Zum Glück gibt es Unternehmen, die sich mit solchen und weiteren Problemen im Badezimmer beschäftigen.

Joulia – energiesparendes Duschen

Das Schweizer Unternehmen Joulia wirkt diesem Problem entgegen. Mit einer speziellen Duschrinne macht Joulia es möglich, das warme Wasser, welches beim Duschen verbraucht wird, effizienter zu nutzen. Die Wärmeenergie des Wassers wird so genutzt, um nachströmendes kaltes Wasser vorzuwärmen. Denn wenn das kalte Wasser bereits erwärmt ist, muss weniger heißes Wasser beigefügt werden, um auf die gewünschte Temperatur zu kommen.

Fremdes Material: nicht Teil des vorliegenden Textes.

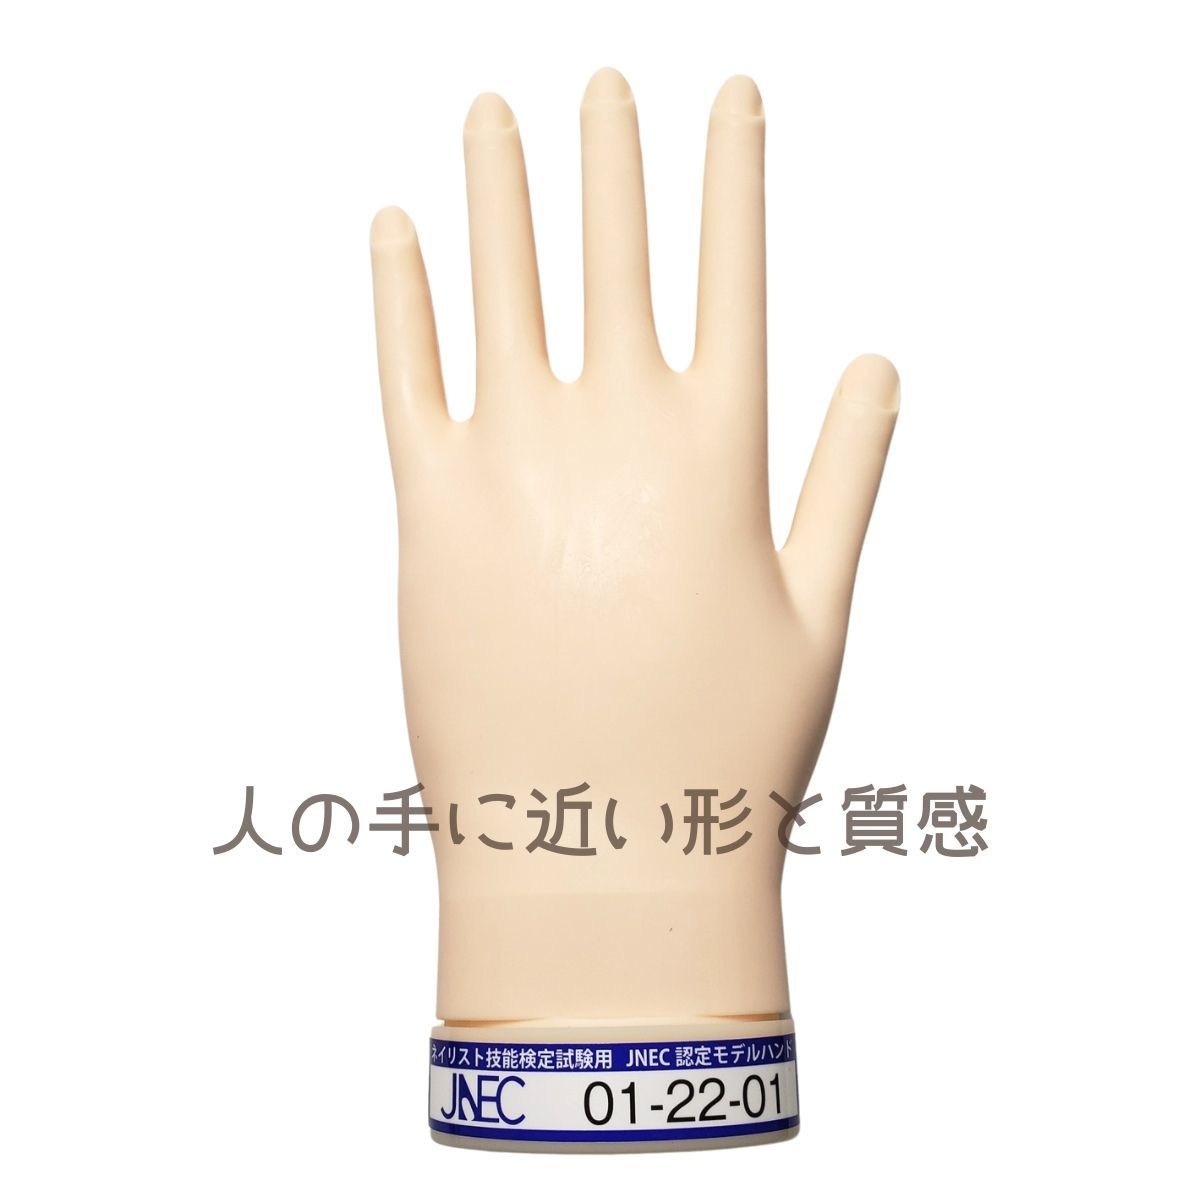 JNEC одобрено . река ST модель рука левый рука искусственные ногти имеется no. 1 период JNEC одобрено модель рука 01-22-01nei список . талант сертификация экзамен taki сторона ногти

Auf diese Weise spart ihr euch laut der Firma bis zu 42 Prozent Energie, die neueste Linie verspricht sogar bis zu 63 Prozent Energieeinsparung. Raffiniert daran ist, dass das System ganz ohne Strom etc. auskommt. Vorstellen kann man sich den Vorgang etwa so: Das abfließende warme Wasser wird über die Kaltwasser-Rohre geleitet. Im Regelfall mischt man kaltes und heißes Wasser, damit das Duschwasser die richtige Temperatur erreicht. Da das kalte Wasser aber bereits im Zulauf durch das bereits verbrauchte Warmwasser aufgeheizt wird, verbraucht ihr bei eurem täglichen Duschvergnügen weniger heißes Wasser. Das spart nicht nur Geld, sondern ist auch energiesparend. Clever, oder?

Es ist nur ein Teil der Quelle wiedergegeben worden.